Cell ‘antennae’ link autism, congenital heart disease

Cilia, hairlike structures on the surface of cells, may be involved in congenital heart disease (CHD) and autism, according to a new study published last month in the journal Development. Variants in genes tied to both conditions impair cilia formation in cells, the research shows.

The finding could explain why people with CHD are about twice as likely to be diagnosed with autism.

“This study is really exciting and interesting because it gives us more insight” into this overlap, says Shiaulou Yuan, assistant professor of medicine at Harvard Medical School, who studies cilia in heart development but was not involved in the work. “It seems like cilia is a common unifying mechanism.”

These antenna-like structures are found on almost every cell, “so it’s not surprising” that cilia-related genes “could affect multiple organ systems,” Yuan adds.

At least a dozen autism-related proteins localize to cilia, according to a preprint released in January. In the new work, the same team of researchers used CRISPR to introduce damaging variants into 104 genes associated with both autism and CHD in neural progenitor cells.

The variants introduced into seven of those genes severely affected the cells’ proliferation. These genes are likely to be involved in cilia, based on existing databases of gene function.

Finding those genes “was really exciting,” says Helen Willsey, assistant professor of psychiatry at the University of California, San Francisco, who co-led the new work. That “told us that we need to keep going, and that there may be more to this cilia connection than has been historically appreciated.”

Repressing each of the seven genes one at a time in retinal pigment epithelial cells significantly reduced the percentage of cells sporting cilia. For six of those genes, cilia were shorter than usual. The same thing happened in neural progenitor cells when the team suppressed TAOK1 and KMT2E, two high-confidence autism-linked genes that have not been directly shown to be involved in cilia.

Reducing the expression of TAOK1 in the embryos of Xenopus tropicalis, a species of frog, impaired cilia formation and the frogs developed smaller forebrains and hearts than usual.

T

he results show that TAOK1 is “certainly important for heart development,” says Bruce Gelb, dean of child health research at the Icahn School of Medicine at Mt.

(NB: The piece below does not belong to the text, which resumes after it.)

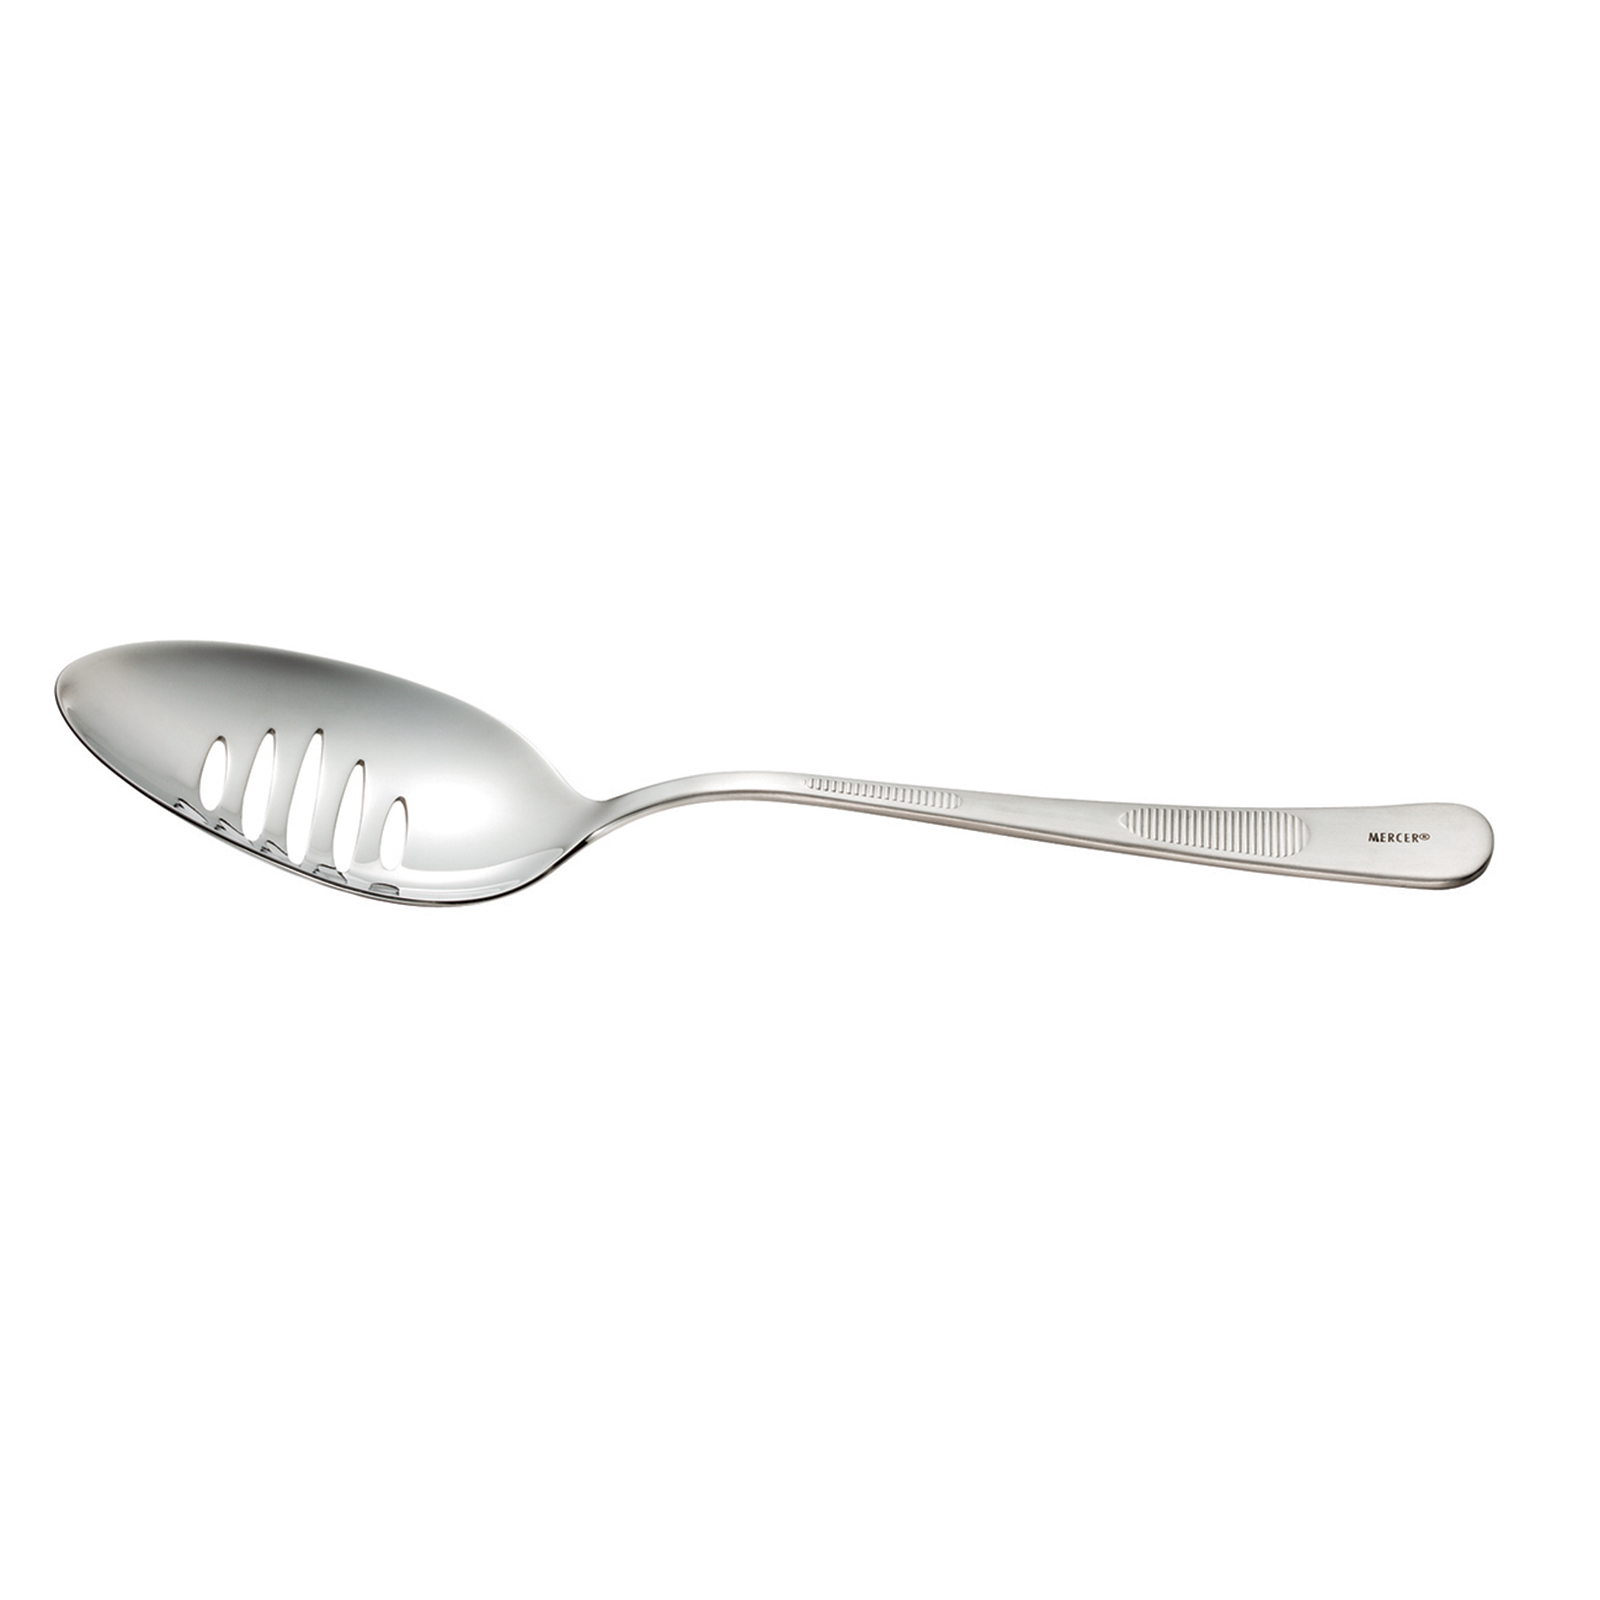 Mercer Culinary M35139 Serving Spoon, Slotted

Sinai, who was not involved in the work. But a smaller heart isn’t necessarily the same as CHD, he says, and the team should follow up with work in mice to see if clearer CHD phenotypes emerge.

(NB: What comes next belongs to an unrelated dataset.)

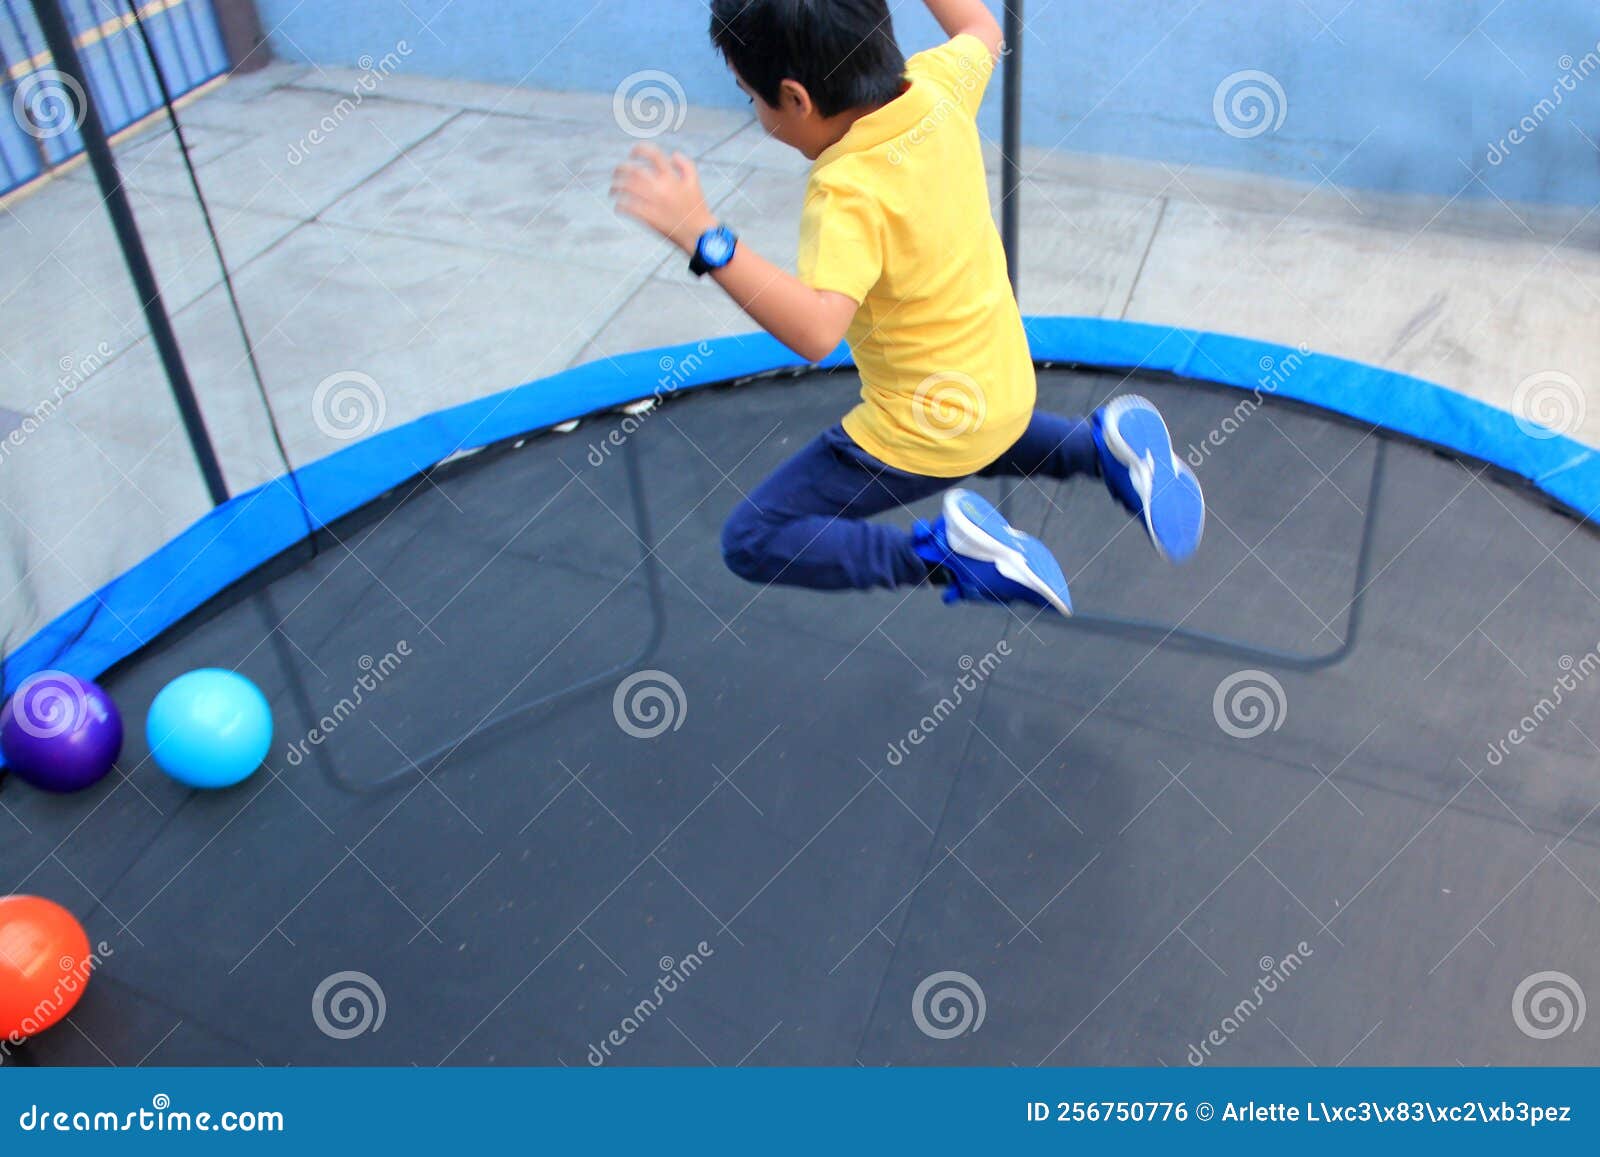 hispanic 6-year-old boy jumping on a brincolin as a physical activity for a healthy life he exercises and has fun alone at home

Gelb co-led a 2015 study and another in 2017 that pointed to chromatin-modifying (or gene-expression regulating) genes as the intersection between autism and CHD. Chromatin regulators can also affect tubulin, the building block of microtubules, which are the central structure of cilia, according to a 2023 paper by Willsey’s team. In fact, the genes that Willsey’s January preprint linked to cilia are chromatin regulators.

“So, we think that there may be more to this chromatin regulation convergence than necessarily just gene expression changes, and that also may be a part of this cilia story,” she says.

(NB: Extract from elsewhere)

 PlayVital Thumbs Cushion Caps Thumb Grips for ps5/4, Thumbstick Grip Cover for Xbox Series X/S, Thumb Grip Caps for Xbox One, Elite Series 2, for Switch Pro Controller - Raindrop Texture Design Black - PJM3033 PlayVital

A mystery remains: How do cilia disruptions contribute to autism?

“Ultimately, the critical question is whether changes in ciliary number and structure—and the resulting ciliary dysfunction—play a role in manifesting autistic-like features in model organisms,” Mustafa Sahin, professor of neurology at Harvard Medical School, wrote in an email to The Transmitter. Sahin was not involved in the new study but co-authored a 2022 review paper on the growing evidence for cilia defects in various neurodevelopmental disorders. “Unraveling this connection could be considered the ‘holy grail’ in cilia-related autism research,” he said.